Il Fondo monetario internazionale taglia drasticamente le prospettive di crescita economica in Italia per il 2008: l’incremento del Pil, infatti, non supererà lo 0,3% a fine anno.

Questi i dati del FMI che gettano una pesante ombra sul futuro dell’Italia. Il dato, probabilmente ufficializzato nel Rapporto economico globale mercoledì prossimo, è dell’1% inferiore alle stime di ottobre, ma è anche la metà rispetto allo 0,6% che lo stesso Fmi riteneva raggiungibile ancora all’inizio di marzo.

Le reazioni a questa notizia non si sono fatte attendere, il primo a parlare è stato il numero uno dell’Eurogruppo, Jean-Claude Juncker, che si e’ dichiarato apertamente in disaccordo, poi il Governatore di Bankitalia, Mario Draghi che, anche non citando direttamente l’Italia, ha pronunciato lo stesso giudizio (negativo) sulle previsioni per la zona euro, definendole eccessivamente pessimistiche. Stessa cosa ha sostenuto il commissario Ue, Joaquim Almunia.
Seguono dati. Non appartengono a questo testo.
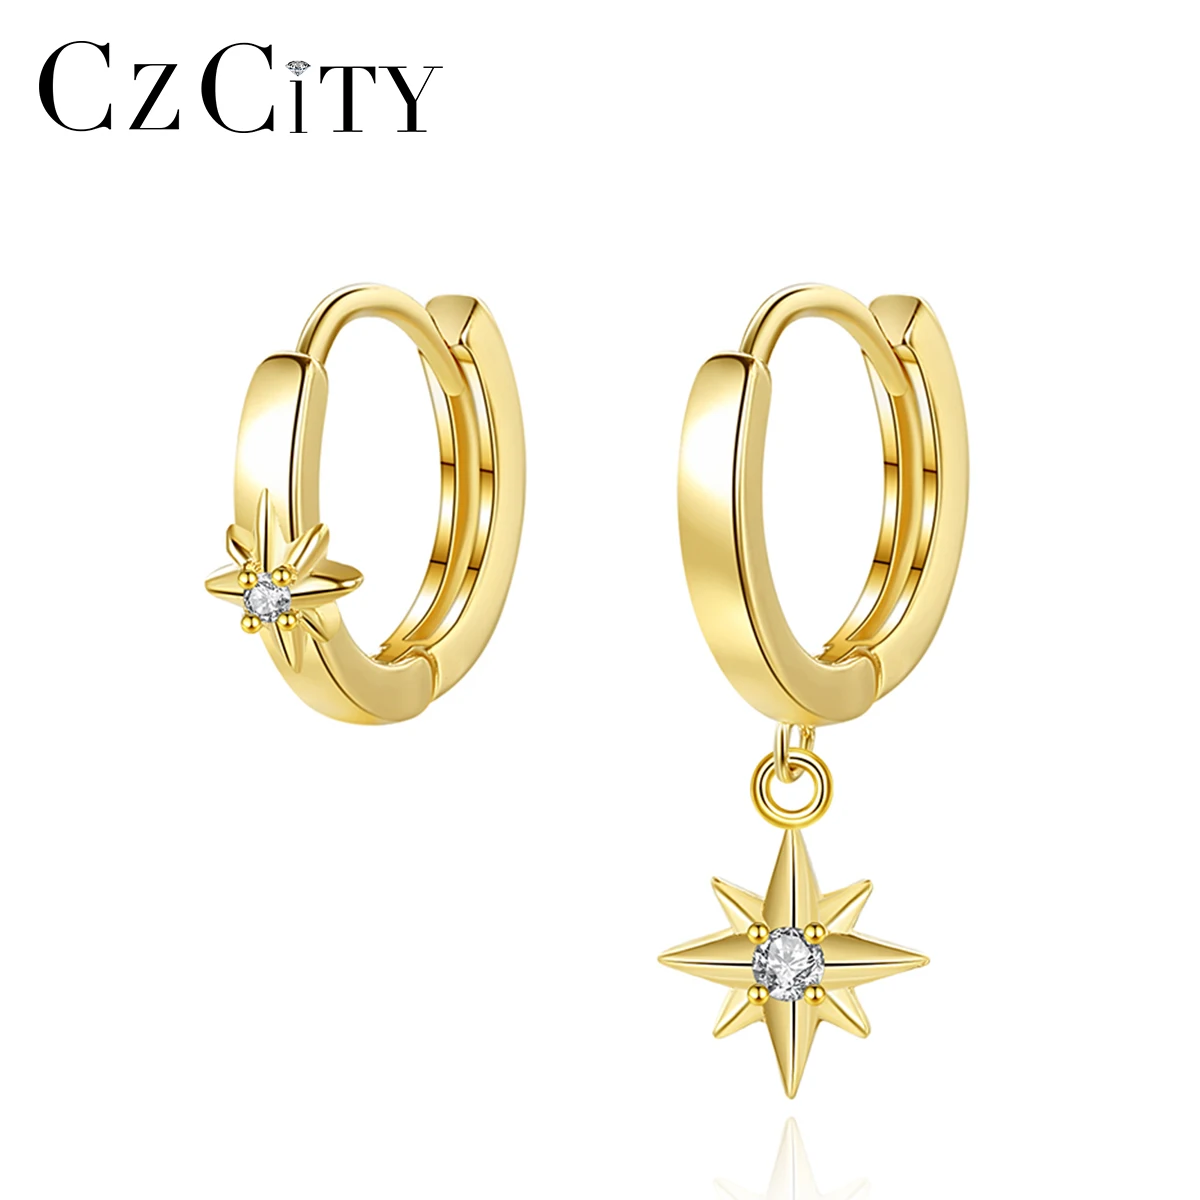 

CZCITY Asymmetrical 925 Sterling Silver Hoop Earrings for Women Real 14K Gold Plated Luxury Trend Girl Party Unusual Accessories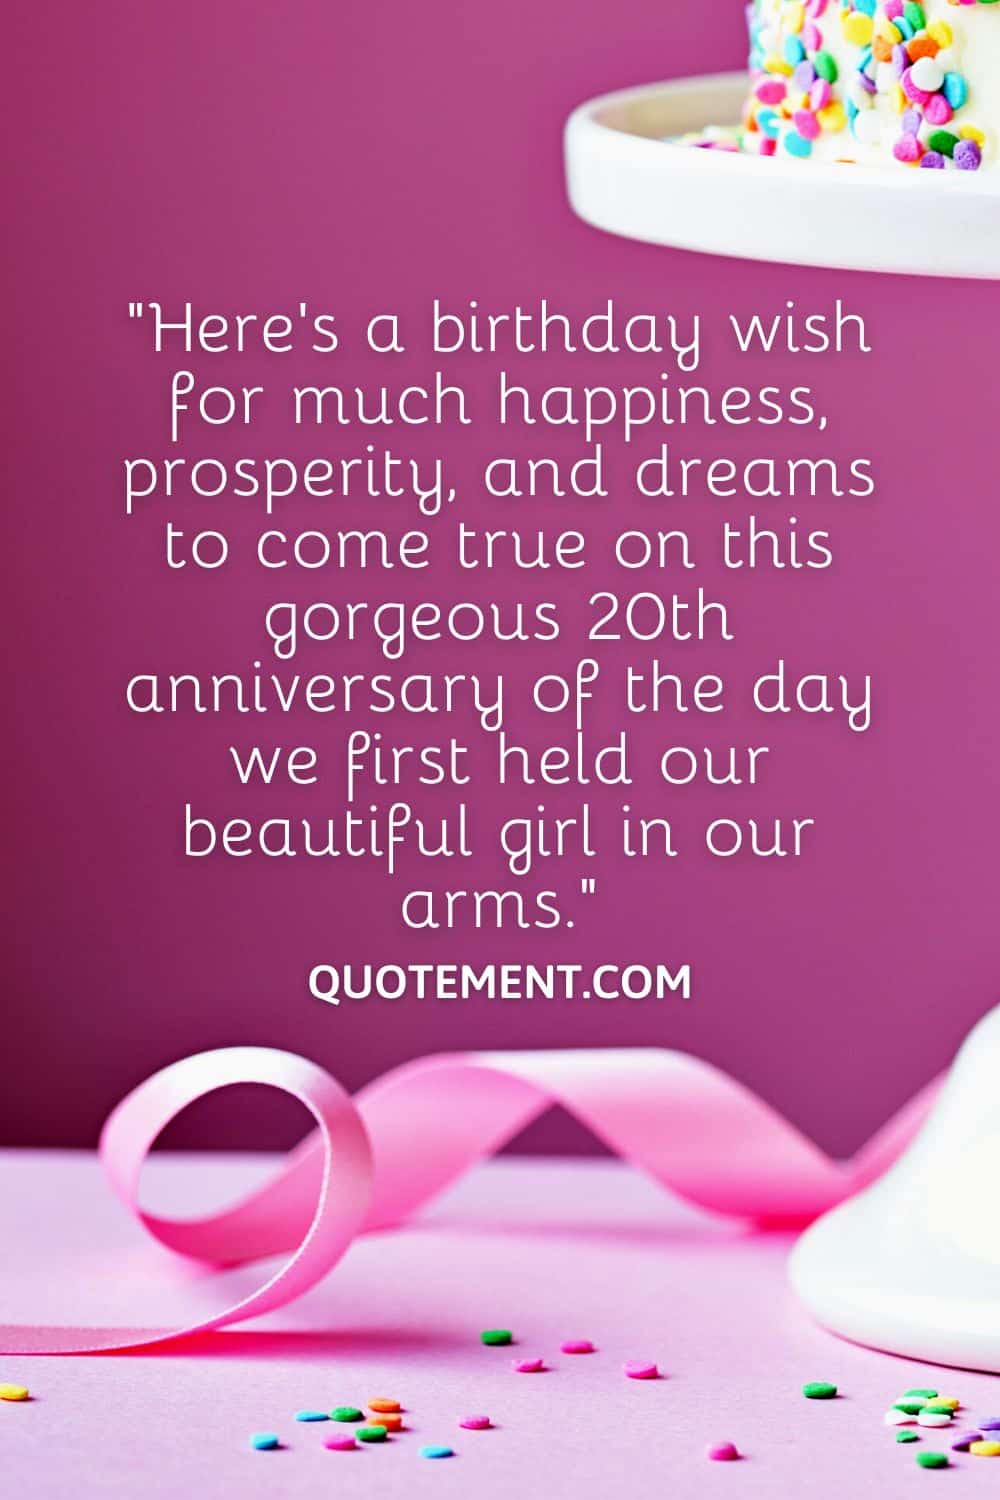 Here’s a birthday wish for much happiness, prosperity, and dreams

Qualche dato per comprendere meglio:

Il rapporto deficit/pil dovrebbe attestarsi in Italia al 2,5% sia quest’anno sia nel 2009, mentre il rapporto debito/pil dovrebbe essere quest’anno del 103,6%. Numeri in linea con le previsioni del governo (2,4%).
Secca riduzione della crescita anche per la zona dell’euro. Il prodotto registrerà un aumento inferiore all’1,3%, a fronte dell’1,8% stimato a gennaio. Cifre che però Jean-Claude Juncker, presidente dell’Eurogruppo, contesta: “L’inflazione è la principale fonte di preoccupazione, ma non ci sono prospettive di recessione e la crescita sarà maggiore di quanto preveda il fondo. Un Pil 2008 a +1,3% non è ipotesi realistica”. Contrarietà che Juncker estende anche alle cifre che riguardano l’Italia.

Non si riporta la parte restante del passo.